Homework depends on the child. I did extra work on my own at home. I liked to study. However, I don’t think it should be assigned. The student needs a break from school just as the parents need a break from their work in the evening. Only good thing is if parents and child can share what is going on in the school day. Good review for parents.

June 22, 2011 at 1:49 pm
(7) Bonnie says:

I teach 5th grade Language Arts & reading. After doing a lesson in class I may give homework. But, I also give them 15-20 minutes of class time to work on it. That way I’m right there to assist and answer any questions they might have. I also allow them to turn it in if they finish before the bell rings. This is a great benefit to some students who are always misplacing their work.
I definitely do not believe that the schools and teachers are failing today’s students. (as dbrusiee says) We have a lot of educating to do (that is not academic) because it doesn’t get done at home and that includes manners, respect, common courtesy, etc.

June 26, 2011 at 1:13 pm
(8) liill says:

thanks i really liked thiss it had nice writing

June 26, 2011 at 3:49 pm
(9) Dolphin Rich says:

I agree with many of the others who posted here. My philosophy as a fourth grade teacher for the past several years has been to give students approximately 60 minutes of homework (or less) each night. This included 20 minutes of independent reading time. The rest of the homework was an extension of what we are doing in class. I also gave students time to practice similar examples in class to what they were going to be doing at home. I also agree with the statement that education begins in the home and is supplemented by what we do at school. As a Title One teacher, this contrast is driven home for me quite clearly.
The comment about American educated workers obviously is ridiculous on its face value, and only intended to insight negative comments. That aside, I believe that I am more optimistic about our education system than most.

July 5, 2011 at 5:03 pm
(10) nana63 says:

too much homework interferes with family life, or work life, or just plain play life. all kids need time to chill just like parents who work all day. as said b4, homework should be an extension of the class lesson for that day and no more than 10 mins for elementary, 20 minutes for middle and 30 minutes for high school(unless it’s research for a paper). relevant homework takes time to plan and should be read, graded and returned. homework is a useful for measuring progress.

July 5, 2011 at 5:10 pm
(11) Mark says:

The issue of homework speaks to a much large one, and that is they are learning activities that afford learners the opportunity to process knowledge into longer-term memory and hopefully, transferable skills.

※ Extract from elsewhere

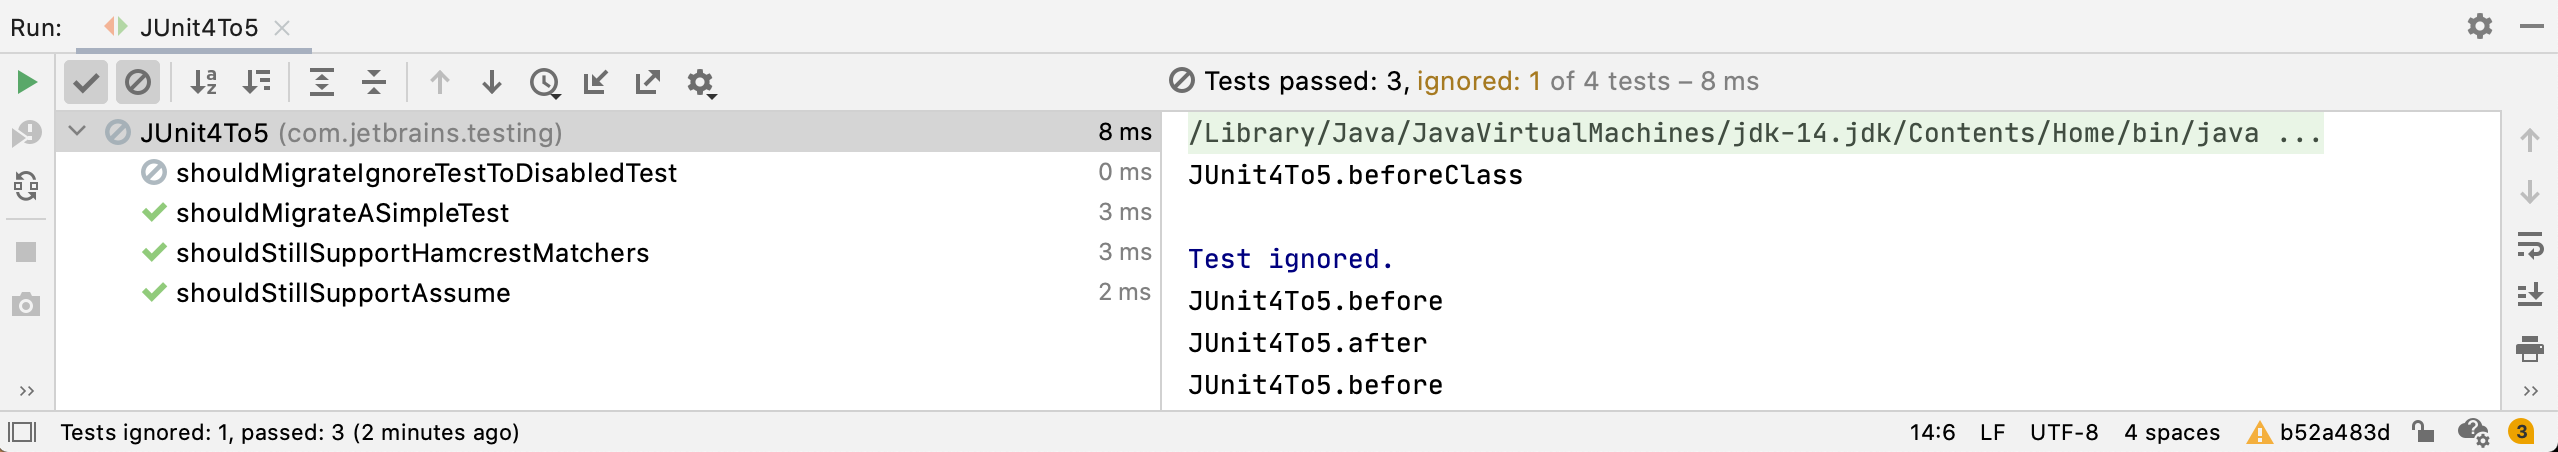 Test Run Window IntelliJ

I cannot agree with the notions of no homework. Teachers cannot do all of the teaching “in” school, no matter how talented or dedicated they are. There must be supportive activities at home, where life’s true learning should take place anyway.

My two children in k12 education probably are following the 10 minute rule although it is not an official policy in Wyoming. But it seems reasonable and it is, if adults at home are dedicated to the education of their children, and perhaps a little less in their owns interests (sorry, that was critical).

The primary constraint in k12 education is not methods, teacher training, budgets, and so forth, it is what is happening in homes before and after shool. A home with a chosen culture of education will produce excellent learners at any school and with any teacher. It is a place that partners with teachers by ensuring that children are engaged in education at home and follow the teacher’s instructions and schedules for children. Homework supports instructions in school. It is an affordance that allows teachers to do more while children are “at” school.

By the way, I teach university seniors not k12. But I advocate for teachers where I can since I understand education is a partnership and holistic societal responsibility and blessing, not an isolated institution. We need to work with teachers, not fight them by asking for no homework.